Your task :: Please copy, exactly as they appear below, the lines from the one containing "Bob Snail fruit puree Pear pasteurized 250g" through the one containing "Men Navy Solids".

Records from a data collection
▬▬▬▬▬▬▬▬▬▬

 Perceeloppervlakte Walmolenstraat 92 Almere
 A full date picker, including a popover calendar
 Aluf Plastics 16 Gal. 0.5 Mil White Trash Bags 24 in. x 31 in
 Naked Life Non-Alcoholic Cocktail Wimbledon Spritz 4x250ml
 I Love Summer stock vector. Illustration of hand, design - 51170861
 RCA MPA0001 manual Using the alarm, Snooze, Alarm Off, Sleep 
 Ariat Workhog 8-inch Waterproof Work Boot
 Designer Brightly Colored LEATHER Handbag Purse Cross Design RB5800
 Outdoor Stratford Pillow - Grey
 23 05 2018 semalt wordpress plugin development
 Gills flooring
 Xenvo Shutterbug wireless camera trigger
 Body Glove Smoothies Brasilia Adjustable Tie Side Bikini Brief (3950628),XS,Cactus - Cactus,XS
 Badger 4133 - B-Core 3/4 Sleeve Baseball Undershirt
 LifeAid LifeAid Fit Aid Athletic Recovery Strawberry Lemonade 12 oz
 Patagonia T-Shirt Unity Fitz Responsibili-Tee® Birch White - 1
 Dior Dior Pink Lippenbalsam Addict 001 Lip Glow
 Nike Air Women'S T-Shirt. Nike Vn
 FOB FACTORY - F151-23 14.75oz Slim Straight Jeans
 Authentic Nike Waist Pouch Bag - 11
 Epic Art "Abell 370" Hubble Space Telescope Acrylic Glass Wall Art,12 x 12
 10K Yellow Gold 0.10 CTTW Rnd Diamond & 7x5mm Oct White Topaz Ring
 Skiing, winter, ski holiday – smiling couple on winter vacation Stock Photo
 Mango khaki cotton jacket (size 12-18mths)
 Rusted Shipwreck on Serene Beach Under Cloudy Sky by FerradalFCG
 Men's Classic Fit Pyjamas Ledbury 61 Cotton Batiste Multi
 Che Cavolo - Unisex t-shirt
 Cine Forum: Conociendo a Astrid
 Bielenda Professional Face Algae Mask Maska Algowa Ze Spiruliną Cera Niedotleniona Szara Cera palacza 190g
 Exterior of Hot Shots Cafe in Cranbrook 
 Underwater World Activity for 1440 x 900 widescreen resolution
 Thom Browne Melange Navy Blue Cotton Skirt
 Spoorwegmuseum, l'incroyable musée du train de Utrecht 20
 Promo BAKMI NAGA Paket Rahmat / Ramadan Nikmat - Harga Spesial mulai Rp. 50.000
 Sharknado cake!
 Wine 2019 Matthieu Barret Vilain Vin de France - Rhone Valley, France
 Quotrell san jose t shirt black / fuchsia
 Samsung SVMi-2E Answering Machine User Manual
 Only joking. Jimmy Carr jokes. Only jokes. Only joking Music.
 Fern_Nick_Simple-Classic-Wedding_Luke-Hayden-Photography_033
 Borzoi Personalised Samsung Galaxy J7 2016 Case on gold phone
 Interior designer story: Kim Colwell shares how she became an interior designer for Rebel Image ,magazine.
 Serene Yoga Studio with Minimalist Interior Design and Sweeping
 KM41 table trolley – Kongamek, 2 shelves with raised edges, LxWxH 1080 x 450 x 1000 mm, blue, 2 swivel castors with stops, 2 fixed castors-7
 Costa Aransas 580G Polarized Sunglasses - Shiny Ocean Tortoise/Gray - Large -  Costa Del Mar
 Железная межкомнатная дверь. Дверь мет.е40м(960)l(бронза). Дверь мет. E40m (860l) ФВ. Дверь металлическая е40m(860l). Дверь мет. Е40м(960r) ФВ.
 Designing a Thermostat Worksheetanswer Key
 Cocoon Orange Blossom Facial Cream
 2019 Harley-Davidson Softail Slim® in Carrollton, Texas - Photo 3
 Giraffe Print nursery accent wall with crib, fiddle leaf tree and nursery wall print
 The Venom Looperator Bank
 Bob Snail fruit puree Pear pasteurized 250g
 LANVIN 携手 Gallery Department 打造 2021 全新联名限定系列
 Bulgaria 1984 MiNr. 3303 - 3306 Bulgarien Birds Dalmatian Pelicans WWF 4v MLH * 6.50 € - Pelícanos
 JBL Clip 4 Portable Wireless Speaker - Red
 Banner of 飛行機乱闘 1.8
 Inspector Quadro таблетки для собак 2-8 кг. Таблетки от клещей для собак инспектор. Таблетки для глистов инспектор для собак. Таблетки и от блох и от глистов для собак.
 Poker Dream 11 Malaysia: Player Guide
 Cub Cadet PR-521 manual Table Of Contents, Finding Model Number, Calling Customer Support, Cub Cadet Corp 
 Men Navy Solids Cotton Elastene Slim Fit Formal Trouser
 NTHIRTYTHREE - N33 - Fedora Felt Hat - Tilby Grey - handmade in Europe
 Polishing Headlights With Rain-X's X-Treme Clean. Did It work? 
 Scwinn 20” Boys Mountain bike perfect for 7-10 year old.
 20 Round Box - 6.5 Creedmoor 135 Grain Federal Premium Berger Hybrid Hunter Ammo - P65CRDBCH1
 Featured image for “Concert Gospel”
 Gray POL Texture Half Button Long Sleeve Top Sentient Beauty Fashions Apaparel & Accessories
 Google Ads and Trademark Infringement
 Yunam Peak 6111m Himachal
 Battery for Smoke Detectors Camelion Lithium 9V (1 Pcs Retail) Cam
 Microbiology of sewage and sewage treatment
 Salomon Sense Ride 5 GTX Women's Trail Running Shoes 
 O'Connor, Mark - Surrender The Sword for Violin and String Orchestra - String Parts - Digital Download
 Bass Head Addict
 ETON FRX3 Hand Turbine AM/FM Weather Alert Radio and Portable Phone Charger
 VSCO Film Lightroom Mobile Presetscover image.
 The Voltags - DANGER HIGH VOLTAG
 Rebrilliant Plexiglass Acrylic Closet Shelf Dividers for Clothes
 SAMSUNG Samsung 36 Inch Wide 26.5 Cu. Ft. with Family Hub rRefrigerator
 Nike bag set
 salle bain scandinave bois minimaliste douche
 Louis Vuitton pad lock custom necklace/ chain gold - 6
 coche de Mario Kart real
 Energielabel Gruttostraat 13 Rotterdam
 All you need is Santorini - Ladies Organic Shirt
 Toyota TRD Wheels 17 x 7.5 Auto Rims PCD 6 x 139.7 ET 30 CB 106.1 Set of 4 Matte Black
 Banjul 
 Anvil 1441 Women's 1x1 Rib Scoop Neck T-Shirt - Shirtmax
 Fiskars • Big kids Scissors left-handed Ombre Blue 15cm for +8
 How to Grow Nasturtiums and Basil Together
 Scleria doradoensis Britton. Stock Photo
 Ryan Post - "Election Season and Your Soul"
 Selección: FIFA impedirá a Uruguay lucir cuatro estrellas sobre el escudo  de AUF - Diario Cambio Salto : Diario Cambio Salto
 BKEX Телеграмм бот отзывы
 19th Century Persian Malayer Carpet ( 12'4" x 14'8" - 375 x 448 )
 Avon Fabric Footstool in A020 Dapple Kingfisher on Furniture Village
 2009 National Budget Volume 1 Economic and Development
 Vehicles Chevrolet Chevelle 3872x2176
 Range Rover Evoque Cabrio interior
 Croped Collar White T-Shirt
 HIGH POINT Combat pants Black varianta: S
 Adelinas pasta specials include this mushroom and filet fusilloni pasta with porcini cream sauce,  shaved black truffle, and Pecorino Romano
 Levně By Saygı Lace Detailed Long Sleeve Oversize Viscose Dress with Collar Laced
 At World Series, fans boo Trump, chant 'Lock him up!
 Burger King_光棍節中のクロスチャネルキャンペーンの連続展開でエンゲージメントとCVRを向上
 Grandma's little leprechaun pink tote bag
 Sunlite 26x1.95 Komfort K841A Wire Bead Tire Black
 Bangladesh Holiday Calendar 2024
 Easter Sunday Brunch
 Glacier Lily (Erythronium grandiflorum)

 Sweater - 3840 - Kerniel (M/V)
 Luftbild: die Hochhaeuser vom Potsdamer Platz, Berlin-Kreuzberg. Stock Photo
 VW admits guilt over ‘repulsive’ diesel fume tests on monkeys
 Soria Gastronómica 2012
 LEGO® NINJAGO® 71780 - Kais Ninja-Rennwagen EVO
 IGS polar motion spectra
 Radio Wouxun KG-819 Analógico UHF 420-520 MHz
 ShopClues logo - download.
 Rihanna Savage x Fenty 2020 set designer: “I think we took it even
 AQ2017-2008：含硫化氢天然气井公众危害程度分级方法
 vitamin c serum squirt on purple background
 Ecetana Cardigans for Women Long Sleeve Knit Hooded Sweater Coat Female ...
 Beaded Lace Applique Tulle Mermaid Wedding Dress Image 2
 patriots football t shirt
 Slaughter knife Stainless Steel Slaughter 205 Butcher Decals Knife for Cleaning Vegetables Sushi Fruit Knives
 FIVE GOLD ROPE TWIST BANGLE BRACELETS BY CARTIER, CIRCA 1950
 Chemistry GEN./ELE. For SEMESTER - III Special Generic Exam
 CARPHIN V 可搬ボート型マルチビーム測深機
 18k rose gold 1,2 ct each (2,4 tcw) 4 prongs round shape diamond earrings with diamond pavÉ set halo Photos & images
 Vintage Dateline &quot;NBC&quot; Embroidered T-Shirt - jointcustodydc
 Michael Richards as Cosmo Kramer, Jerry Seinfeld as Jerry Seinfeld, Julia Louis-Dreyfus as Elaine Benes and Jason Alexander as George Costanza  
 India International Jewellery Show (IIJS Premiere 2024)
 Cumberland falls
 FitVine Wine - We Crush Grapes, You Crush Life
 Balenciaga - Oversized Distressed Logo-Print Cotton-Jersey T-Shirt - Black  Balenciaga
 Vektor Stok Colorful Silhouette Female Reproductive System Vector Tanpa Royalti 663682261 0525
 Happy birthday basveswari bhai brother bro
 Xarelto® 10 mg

▬▬▬▬▬▬▬▬▬▬

Response ::
 Bob Snail fruit puree Pear pasteurized 250g
 LANVIN 携手 Gallery Department 打造 2021 全新联名限定系列
 Bulgaria 1984 MiNr. 3303 - 3306 Bulgarien Birds Dalmatian Pelicans WWF 4v MLH * 6.50 € - Pelícanos
 JBL Clip 4 Portable Wireless Speaker - Red
 Banner of 飛行機乱闘 1.8
 Inspector Quadro таблетки для собак 2-8 кг. Таблетки от клещей для собак инспектор. Таблетки для глистов инспектор для собак. Таблетки и от блох и от глистов для собак.
 Poker Dream 11 Malaysia: Player Guide
 Cub Cadet PR-521 manual Table Of Contents, Finding Model Number, Calling Customer Support, Cub Cadet Corp 
 Men Navy Solids Cotton Elastene Slim Fit Formal Trouser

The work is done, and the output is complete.